## Your task
The listing must be copied out in full and exactly; no images go with it.

## Recorded data

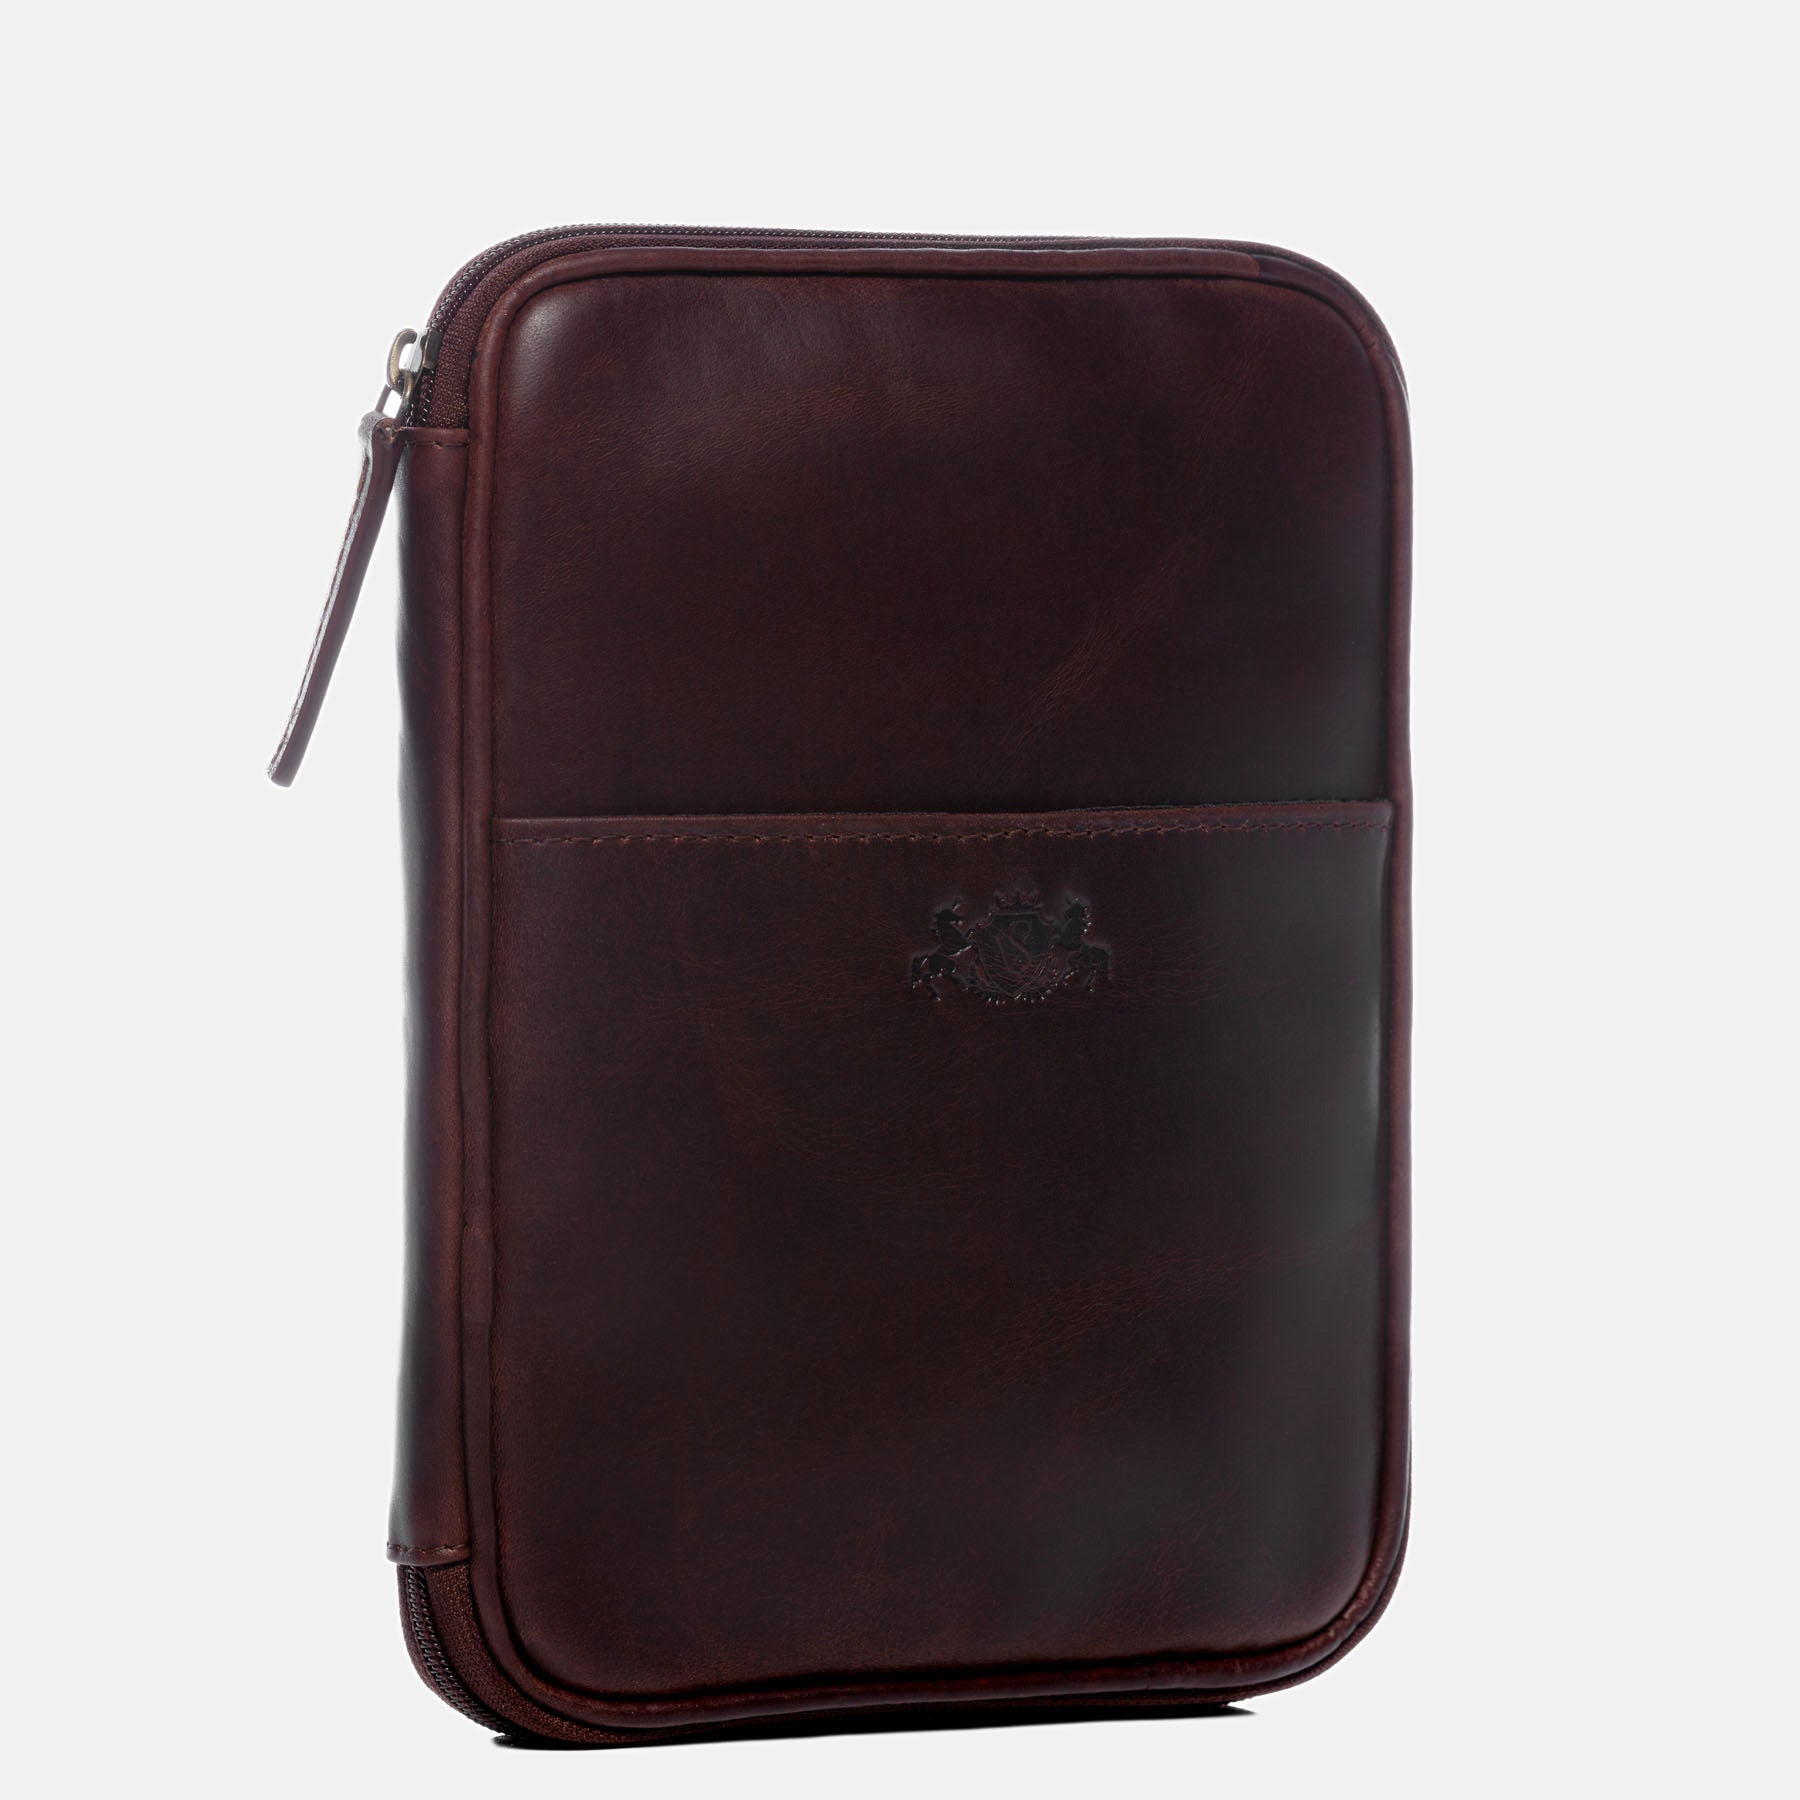 Organizer tablet travel JOONEY iPad natural leather brown-cognac
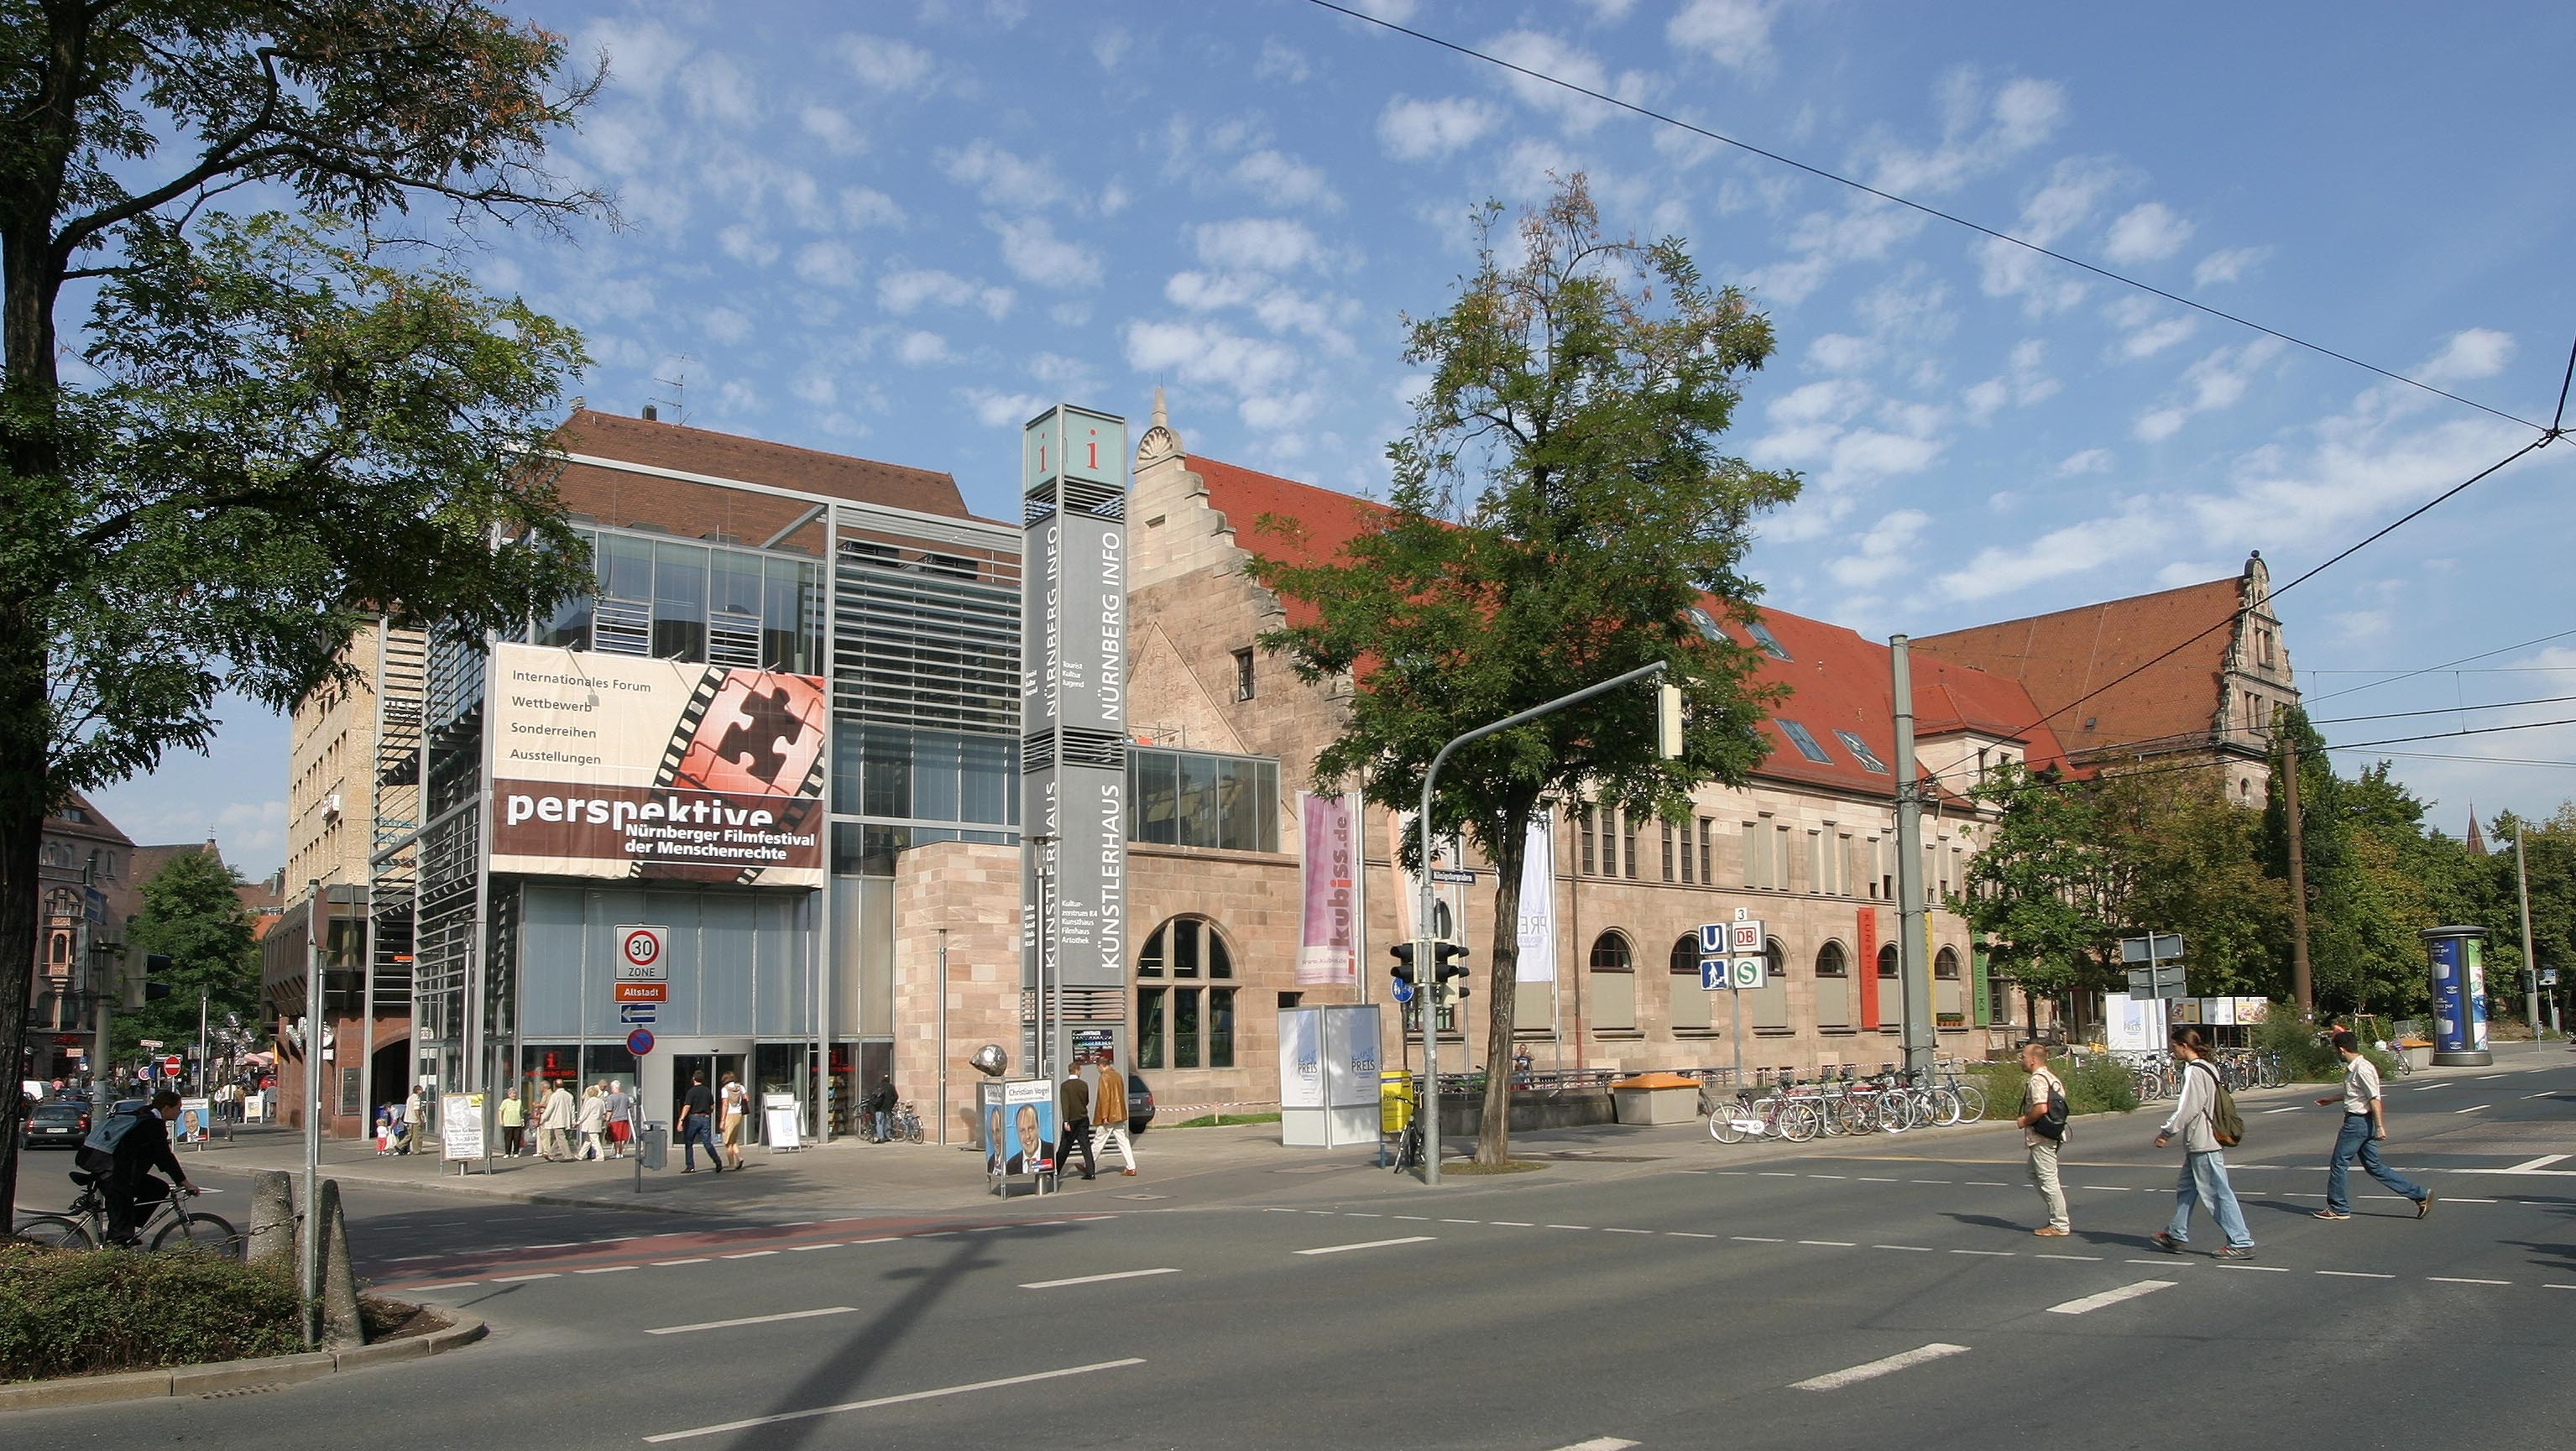 Filmhaus Nürnberg
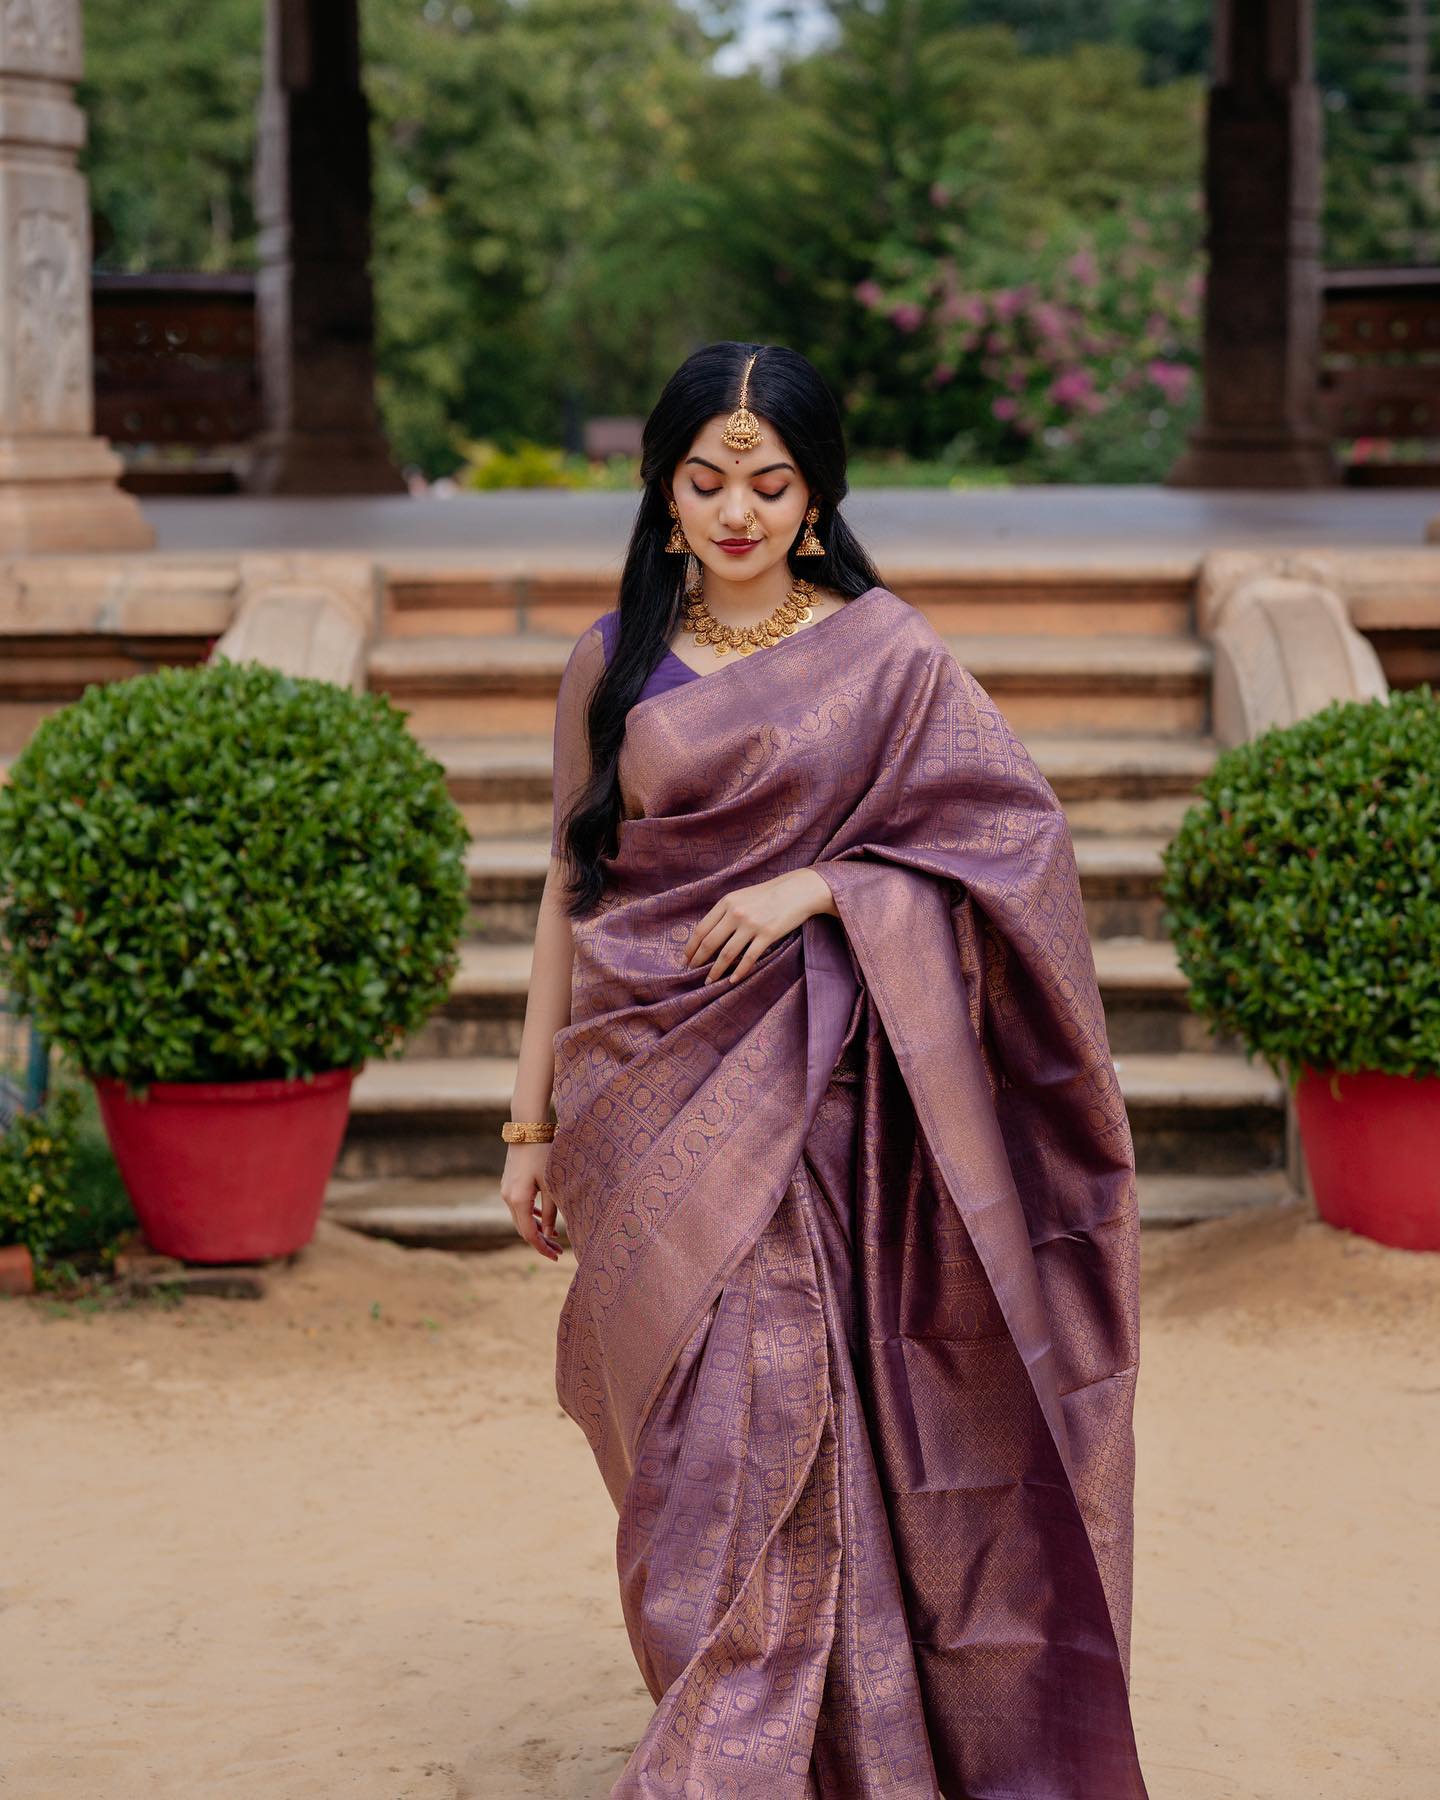 ahaana-krishna-in-thamburatti-style-saree-look-images-004

## Answer for this exercise
 Organizer tablet travel JOONEY iPad natural leather brown-cognac
 Filmhaus Nürnberg
 ahaana-krishna-in-thamburatti-style-saree-look-images-004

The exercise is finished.